I'm trying to cover everything to give a good representation of what it will look like built to my house. It will be modeled after Peters and with guidance from my father in law who is an industrial electrician. I'll be running lights, dishwasher, air conditioner at times, some fans and the other small electronics including tvs, Xbox, etc. I will also have a stove, microwave, toaster, etc.

I'll also be tied to the grid.

I'm not completely clueless so I know that I can't have all of this on the same load and that thiswont work to power my whole house.

I guess my question is, given the information, what's the best inverter to start with and use for my 48v system that will be? I suppose I could also run them in parallel worst case scenario.

Thanks for any answers.
 
What inverter are you looking at? I know you say 4000W, but which one? The PCM60X is just a charger, that I can tell (I don't have one myself and have limited knowledge of its functionality).

If you two inverters, you can get 240V @ 4000W, or you can get 120V @ 8000W, depending on how it's wired. Note: Use caution if they are not specifically designed to handle these configurations.

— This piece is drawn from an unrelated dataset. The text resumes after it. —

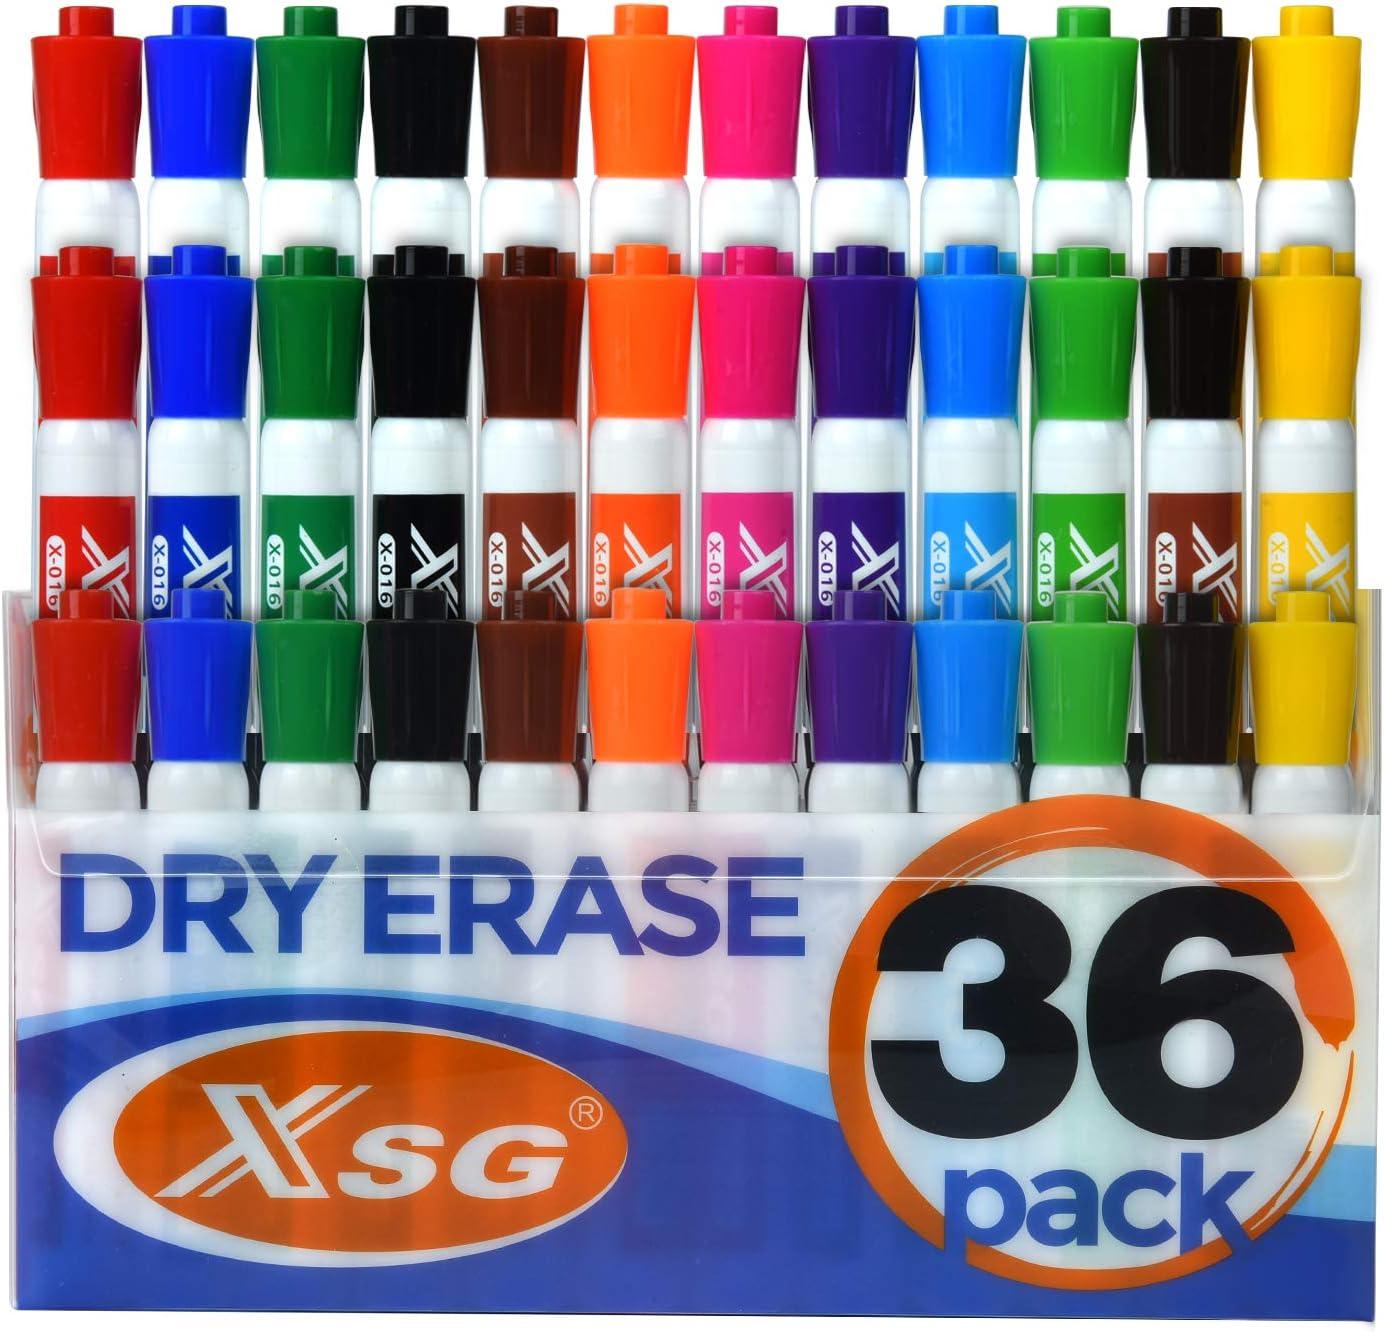 Dry Erase chisel tip Marker Pen Year-end gift Bulk 12 XSG Pack) Factory outlet (36

Either configuration can cause some serious damage/injury if not done right.

Some inverters are smart enough to just turn them on and they are ready to go. Others, there is a sequence you need to follow in configuration and powering on the unit. (ie. some units you have to turn on the 1st inverter, then power the second one after the 1st one is fully energized)
 
EKorishan said:
What inverter are you looking at? I know you say 4000W, but which one? The PCM60X is just a charger, that I can tell (I don't have one myself and have limited knowledge of its functionality).

If you two inverters, you can get 240V @ 4000W, or you can get 120V @ 8000W, depending on how it's wired. Note: Use caution if they are not specifically designed to handle these configurations. Either configuration can cause some serious damage/injury if not done right.

Some inverters are smart enough to just turn them on and they are ready to go. Others, there is a sequence you need to follow in configuration and powering on the unit. (ie. some units you have to turn on the 1st inverter, then power the second one after the 1st one is fully energized)
I was looking at something comparable to the PIP4048MS but that will work in the US. As long as 4000w will work and I can parallel the together then that's the plan. I guess it doesn't matter whether i parallel two or just but a 10000w inverter. I just noticed the price of 10000 watt and it's up there. I was going to start with a 4000w and take baby steps to make it bigger as my wife lets me spend more money haha

What do you use?
 
I don't have one in service as of yet. Altho, I do have a Smart-UPS that I will be using as a tie in. The great thing about those is that it will read the incoming AC and phase itself to match the feed-in power. Now, this doesn't mean that it outputs to the same wiring. It'd be a total down-stream setup. Smart-UPS' you can serial or parallel them as I mentioned above, but there's a trick to it as I also mentioned.
Unless, you get ones that are specifically designed to be master/slave; then it takes all the headache out of the equation, well, most of it.

The reason I have the Smart-UPS is because it's a 3000Watt unit that I paid $75 for. No batteries came with it, so shipping was relatively cheap. I'm upgrading some of the wiring on it so it can handle a continuous load on it better (they are normally rated at only about an hour of continuous use, i plan on many hours)
 
In the U.S., if you want grid tied and battery back up in one inverter, the OUTBACK GFX series will do this. The downside is that you HAVE to have batteries installed to use the inverter....so if you ever disconnect the batteries you wont be utilizing your solar panels.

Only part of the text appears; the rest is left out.